Kettering has 20 parks totaling 284 acre and is home to the Fraze Pavilion, a major outdoor entertainment venue that also hosts the summer concerts of the Dayton Philharmonic.

The James S. Trent Arena, which opened in 2005, has a seating capacity of 4,400 overall as well as 3,650 for championship sporting events, and it is located on the campus of Fairmont High School.
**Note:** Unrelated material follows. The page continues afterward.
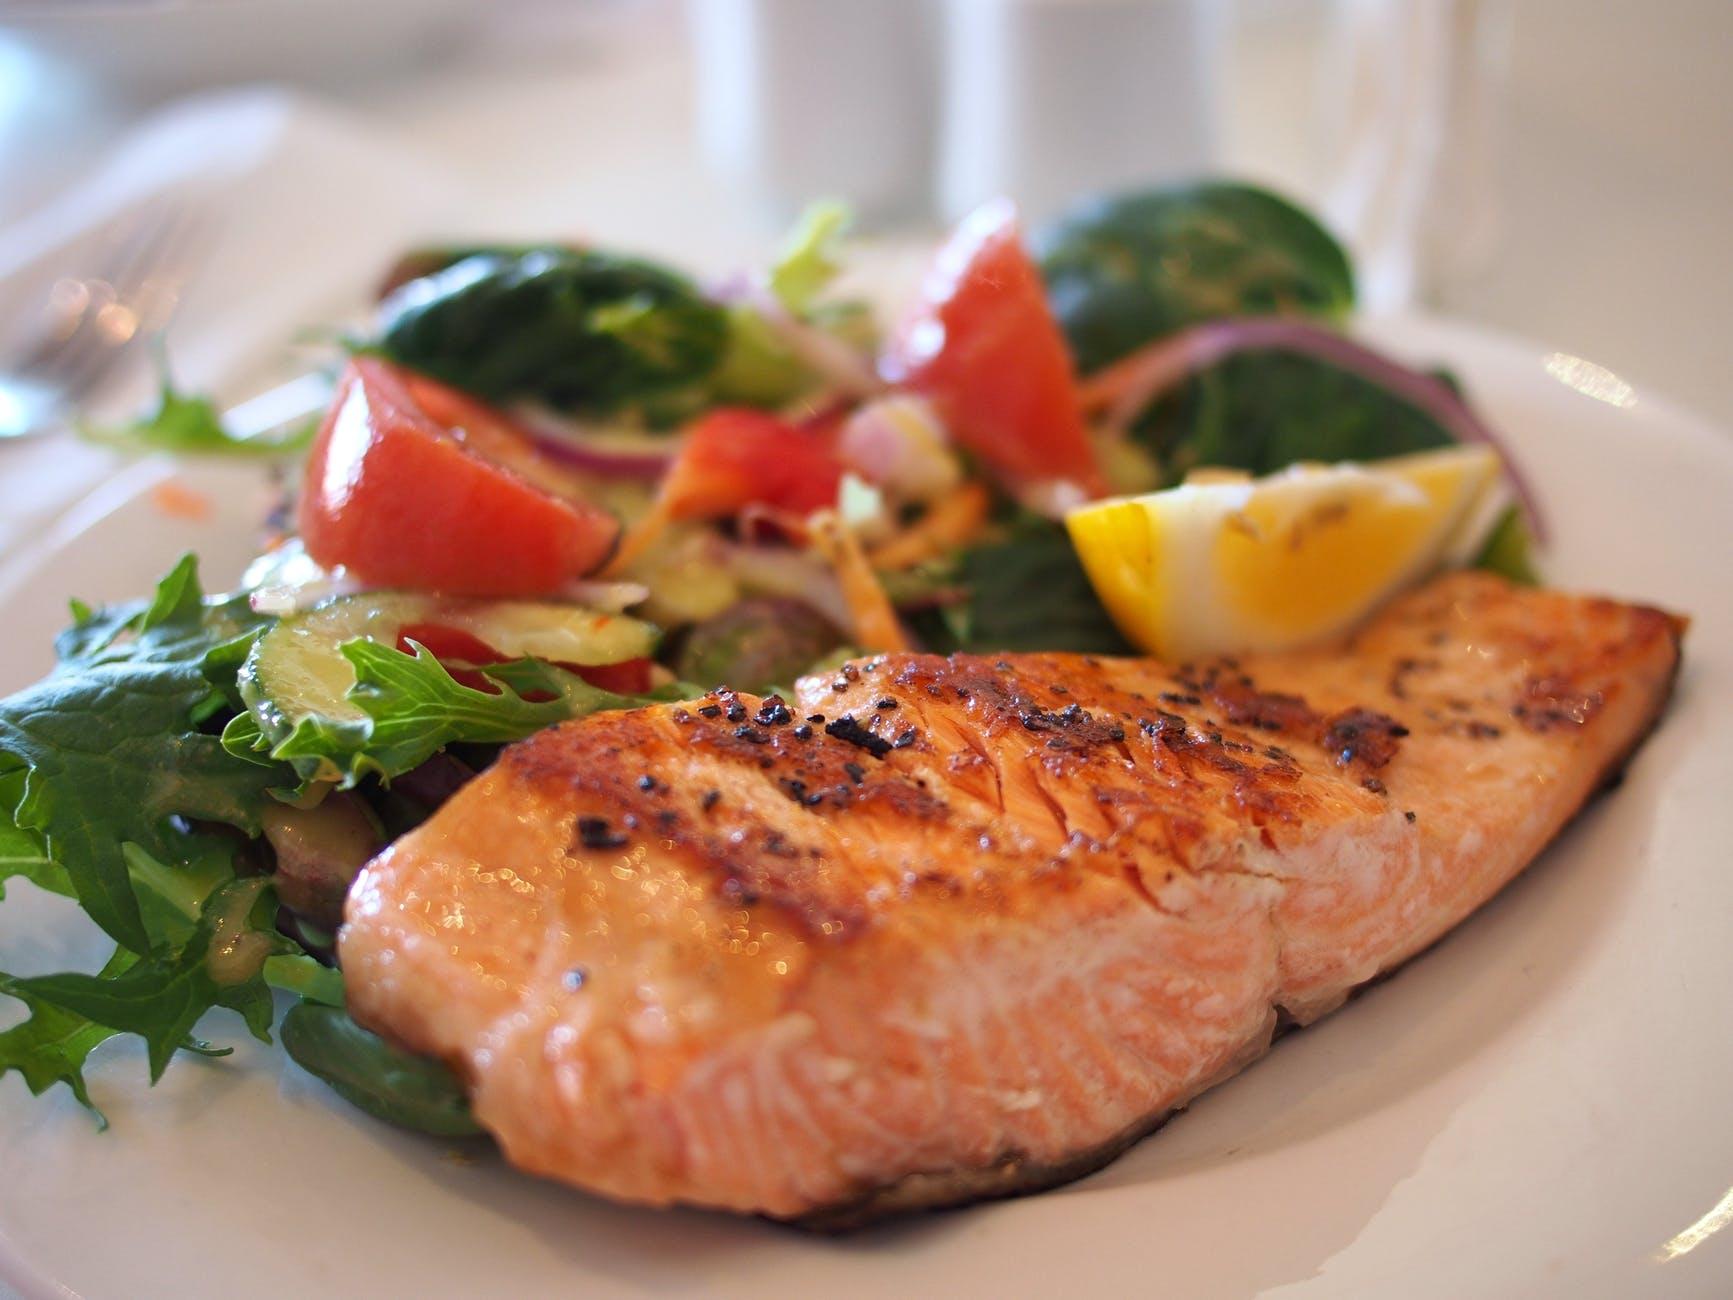 esempi di menu per la dieta accelerata del metabolismo

Skate Plaza, a 40000 sqft skateboard park that opened in 2005, was a collaboration between the City of Kettering and Rob Dyrdek, a professional skateboarder who grew up in Kettering.

Rosewood Arts Center, formerly an elementary school, now hosts 100,000 visitors a year with art classes, exhibitions, an art gallery and the Art on the Commons festival.

The Town and Country Shopping Center is a small partly enclosed and part open-air mall located in the heart of Kettering near the intersection of Far Hills Ave. and Stroop Rd.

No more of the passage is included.